In spark, it loads multiple files in sequence. So the result of the script in spark will be:

1,{(1,1),(1,2),(1,3)},{}
2,{(2,1),(2,2),(2,3)},{}
3,{(3,3),(3,2),(3,1)},{(3,1),(3,2),(3,3)}
4,{(4,1),(4,2),(4,3)},{(4,1),(4,2),(4,3)}
5,{(5,2),(5,1),(5,3)},{(5,1),(5,2),(5,3)}
6,{(6,1),(6,2),(6,3)},{}
7,{(7,1),(7,2),(7,3)},{}
8,{(8,1),(8,2),(8,3)},{}
9,{(9,1),(9,2),(9,3)},{}

The reason why there are difference when load multiple splits in mr and spark mode is because org.apache.hadoop.mapreduce.JobSubmitter#writeNewSplits  sort the splits by the size(bigger split first) in mr mode.


> On May 22, 2016, 9:57 p.m., Rohini Palaniswamy wrote:
> > build.xml, line 366
> > <https://reviews.apache.org/r/45667/diff/1/?file=1323774#file1323774line366>
> >
> >     Can you confirm that with all the spark changes running with hadoop 1.x (ant test -Dhadoopversion=20) is good?

Pig will drop  hadoop 1 support since 0.17(PIG-4923), so should we support hadoop 1.x in pig on spark?
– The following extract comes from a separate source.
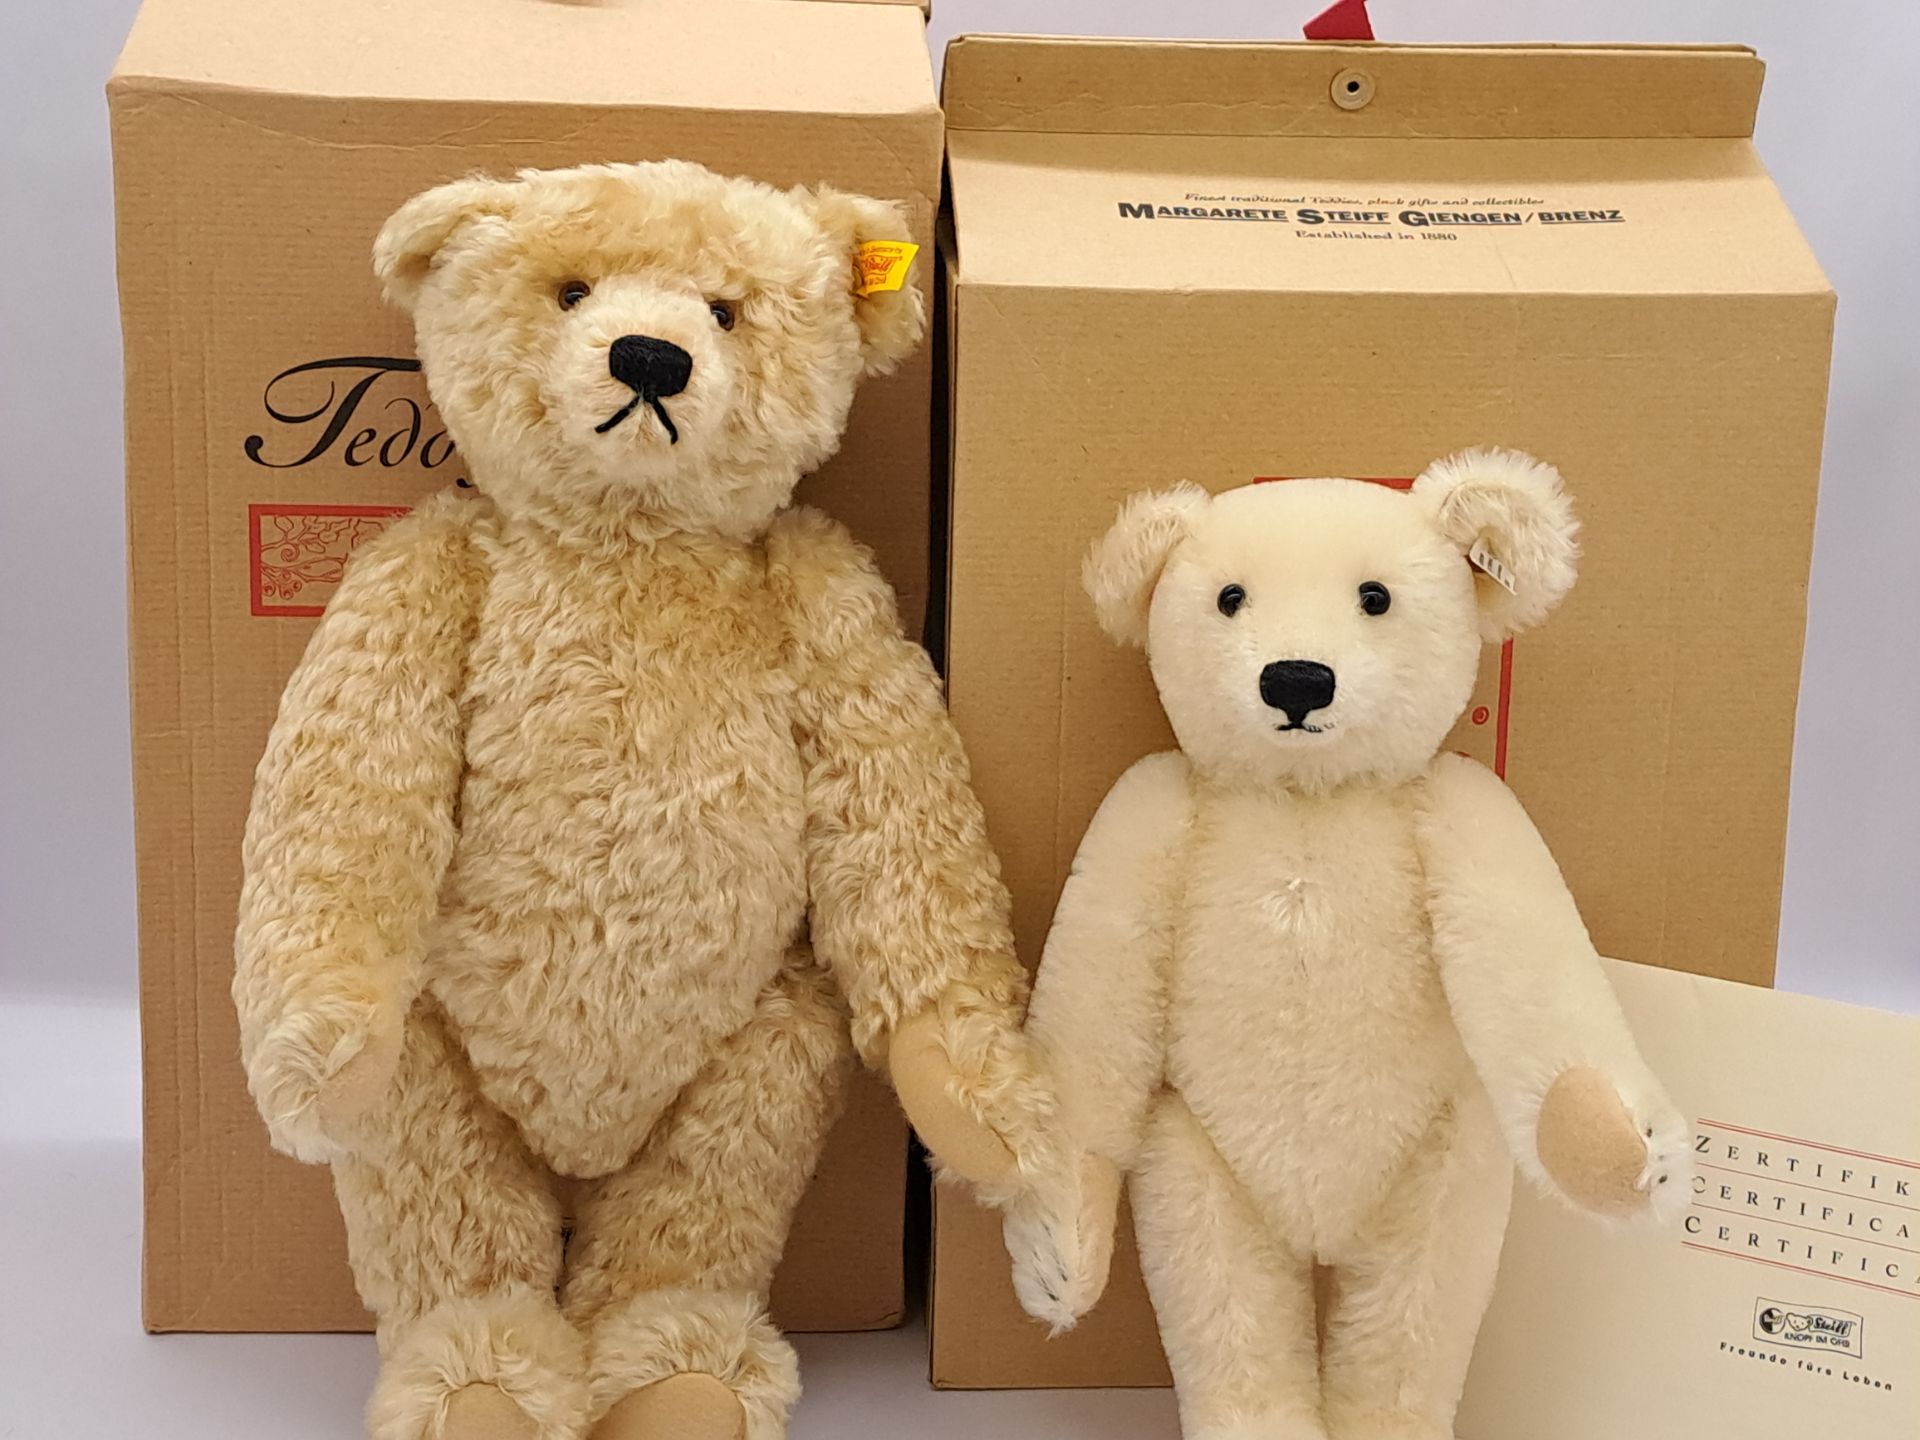 Steiff pair of bears (1) 1920 Classic replica teddy bear; (2) 1922 replica teddy bear

> On May 22, 2016, 9:57 p.m., Rohini Palaniswamy wrote:
> > src/org/apache/pig/backend/hadoop/executionengine/util/SecondaryKeyOptimizerUtil.java, line 59
> > <https://reviews.apache.org/r/45667/diff/1/?file=1323846#file1323846line59>
> >
> >     It is not a good idea to use a static variable to keep state in this static class. Multi-threaded use of Pig will have issues if different modes are used.
> >     
> >     This utility class is for code common to mapreduce, tez and spark. Please move the spark specific code to spark's SecondaryKeyOptimizer. This is also necessary if we ever complete the mavenization and move tez and spark specific code to separate modules.
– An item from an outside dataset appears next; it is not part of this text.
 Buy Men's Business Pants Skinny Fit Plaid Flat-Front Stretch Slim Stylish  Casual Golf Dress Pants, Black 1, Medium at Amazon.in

OK, i will move specific code to spark's SecondaryKeyOptimizer, but i need make following function static to be reuse in spark's SecondaryKeyOptimizer:
org.apache.pig.backend.hadoop.executionengine.util.SecondaryKeyOptimizerUtil#getSortKeyInfo
org.apache.pig.backend.hadoop.executionengine.util.SecondaryKeyOptimizerUtil#setSecondaryPlan
org.apache.pig.backend.hadoop.executionengine.util.SecondaryKeyOptimizerUtil#collectColumnChain


> On May 22, 2016, 9:57 p.m., Rohini Palaniswamy wrote:
> > test/org/apache/pig/test/TestEvalPipelineLocal.java, lines 1135-1136
> > <https://reviews.apache.org/r/45667/diff/1/?file=1323877#file1323877line1135>
> >
> >     Code should be taking care of this.
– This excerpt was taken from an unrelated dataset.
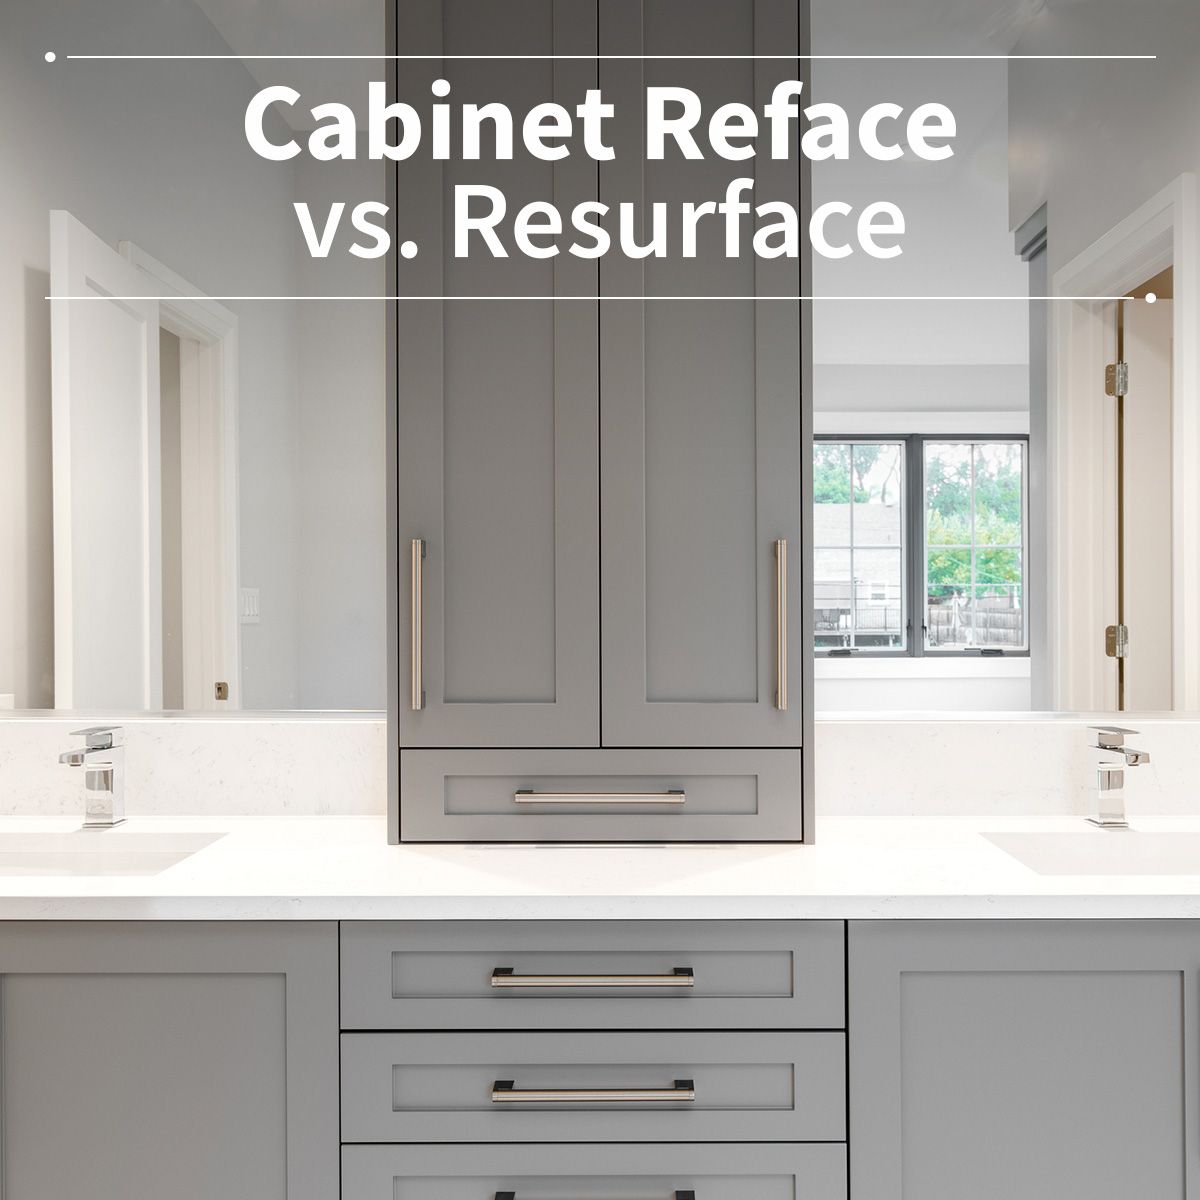 Cabinet Reface vs. Resurface

Have moved the code of reset UDFContext.getUDFContext().addJonConf(null) to SparkLauncher.java


> On May 22, 2016, 9:57 p.m., Rohini Palaniswamy wrote:
> > test/org/apache/pig/test/TestMultiQuery.java, line 116
> > <https://reviews.apache.org/r/45667/diff/1/?file=1323886#file1323886line116>
> >
> >     Why are we using checkQueryOutputsAfterSortRecursive in many places when checkQueryOutputsAfterSort would do? It will unnecessarily increase the test execution time. Can they all be changed? Or am I missing something and checkQueryOutputsAfterSort cannot be used for some reason?
> 
> kelly zhang wrote:
>     The difference between Util.checkQueryOutputsAfterSortRecursive and Util.checkQueryOutputsAfterSort: we can send schema:LogicalSchema to Util.checkQueryOutputsAfterSortRecursive, so function will help change expectedResArray:String[] to expectedRes:ArrayList<Tuple> with proper schema(int,string or other type) 
>     
>                static public void checkQueryOutputsAfterSortRecursive(Iterator<Tuple> actualResultsIt,
>                 String[] expectedResArray, LogicalSchema schema) throws IOException {
>                 ...
>                 }

The output of group,join, distinct has difference between mr and spark mode, the output is in order in mr because sort is done in the shuffle process while there is no such operation in spark. So add following 
functions in org.apache.pig.test.Util to only sort the output when in mr mode

public static void checkQueryOutputs(Iterator<Tuple> actualResults, List<Tuple> expectedResults, boolean checkAfterSort) 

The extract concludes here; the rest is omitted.